Since we know the reaction of sucrose production, we can use stoichiometry to calculate the energy requirement. First, we must find the amount of energy required to produce 4.8 grams of sucrose per day. We are given the value of \(\Delta H = 5645 kJ\) for the entire reaction. The molar mass of sucrose \(\left(\mathrm{C}_{12} \mathrm{H}_{22} \mathrm{O}_{11}\right)\) is: \(12(12.01) + 22(1.01) + 11(16.00) = 144.12 + 22.22 + 176 = 342.34 \mathrm{~g/mol}\) Now we find the moles of sucrose produced daily per square meter: \(\frac{4.8 \mathrm{~g}}{342.34 \mathrm{~g/mol}} = 0.014 \mathrm{~mol}\) Next, we calculate the energy required to produce 0.014 mol of sucrose per day per square meter using the given value of \(\Delta H\): Energy = \(\Delta H \times \mathrm{moles}\) Energy = \(5645 \mathrm{~kJ} \times 0.014 \mathrm{~mol} = 79.03 \mathrm{~kJ}\)

We are given that only 0.1% of the sunlight that reaches the earth is used to produce sucrose. Therefore, we can find the total energy supplied by the sun daily per square meter by dividing the energy used to produce sucrose (79.03 kJ) by the efficiency (0.1%): Total solar energy = \(\frac{Energy \, for \, sucrose \, production}{Percentage \, efficiency}\) Total solar energy = \(\frac{79.03 \mathrm{~kJ}}{0.001} = 79030 \mathrm{~kJ}\)
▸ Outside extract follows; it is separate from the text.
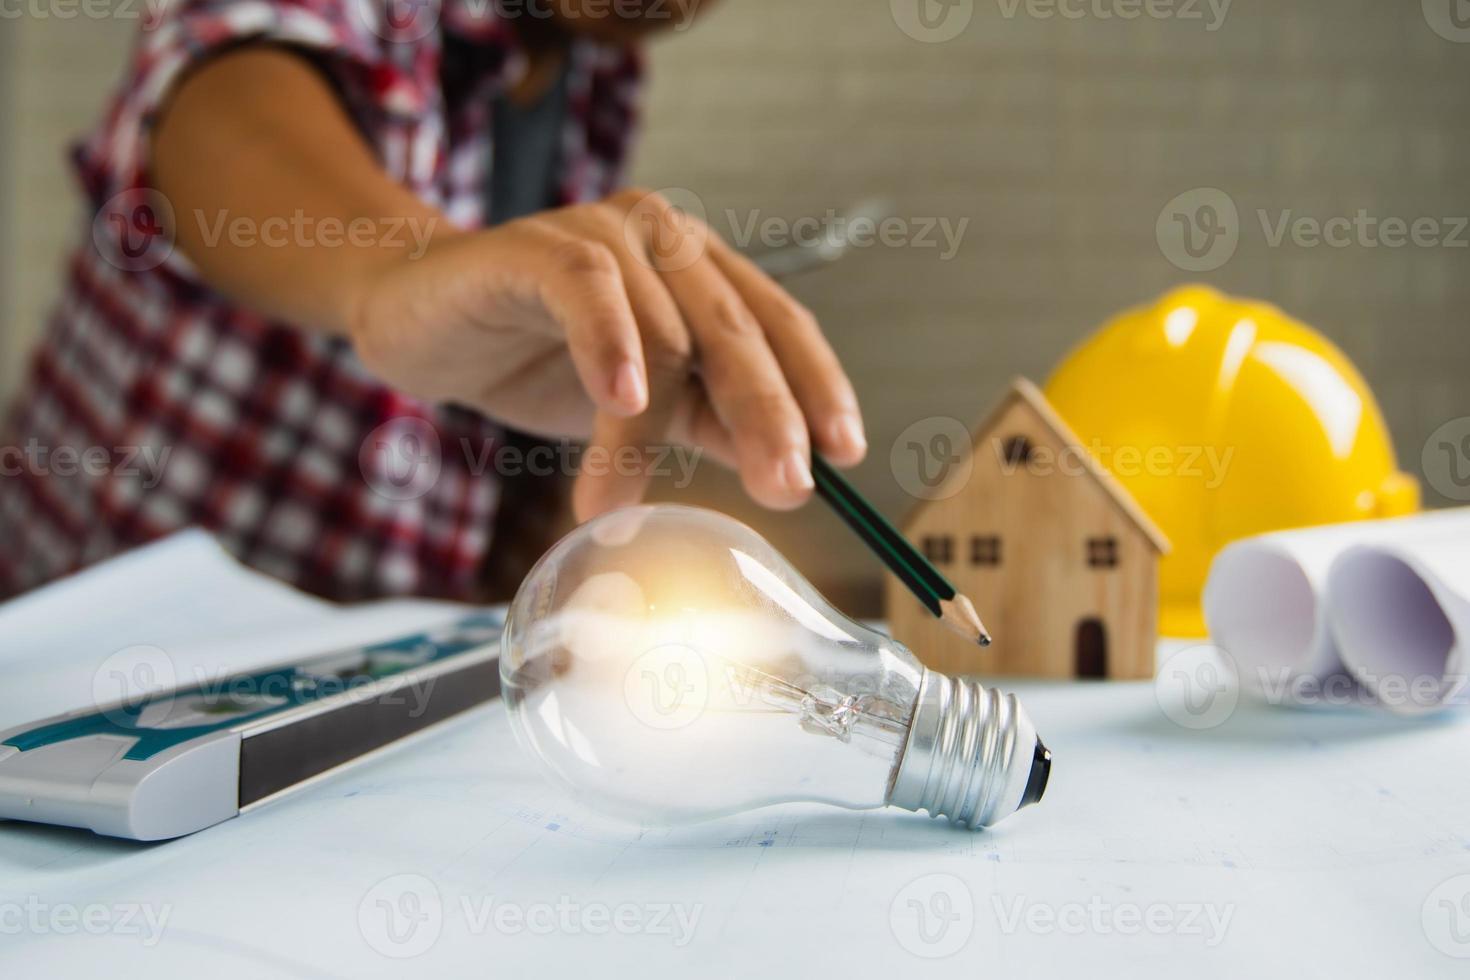 Mann mit Bleistiftspitze zum Anzünden der Glühbirne neben dem Hausmodell, dem Schutzhelm und den aufgerollten Papieren foto

We have calculated the total solar energy supplied per day per square meter in kJ. Now, we need to convert this to kW/m². First, we should convert kJ to J: \(79030 \mathrm{~kJ} = 79030 \times 1000 = 79,030,000 \mathrm{~J}\) Since 1 second has 86400 seconds, now we can convert the energy to watts per square meter: Energy rate = \(\frac{Energy}{Time}\) Energy rate = \(\frac{79,030,000 \mathrm{~J}}{86400 \mathrm{~s}} = 914.583 \mathrm{~W/m}^2\) Finally, we can convert the energy rate to kilowatts per square meter: Total solar energy = \(914.583 \mathrm{~W/m}^2 \times \frac{1\, kW}{1000 \, W} = 0.9146 \mathrm{~kW/m}^2\) The total energy the sun supplies daily for each square meter of surface area is approximately \(0.9146 \mathrm{~kW/m}^2\).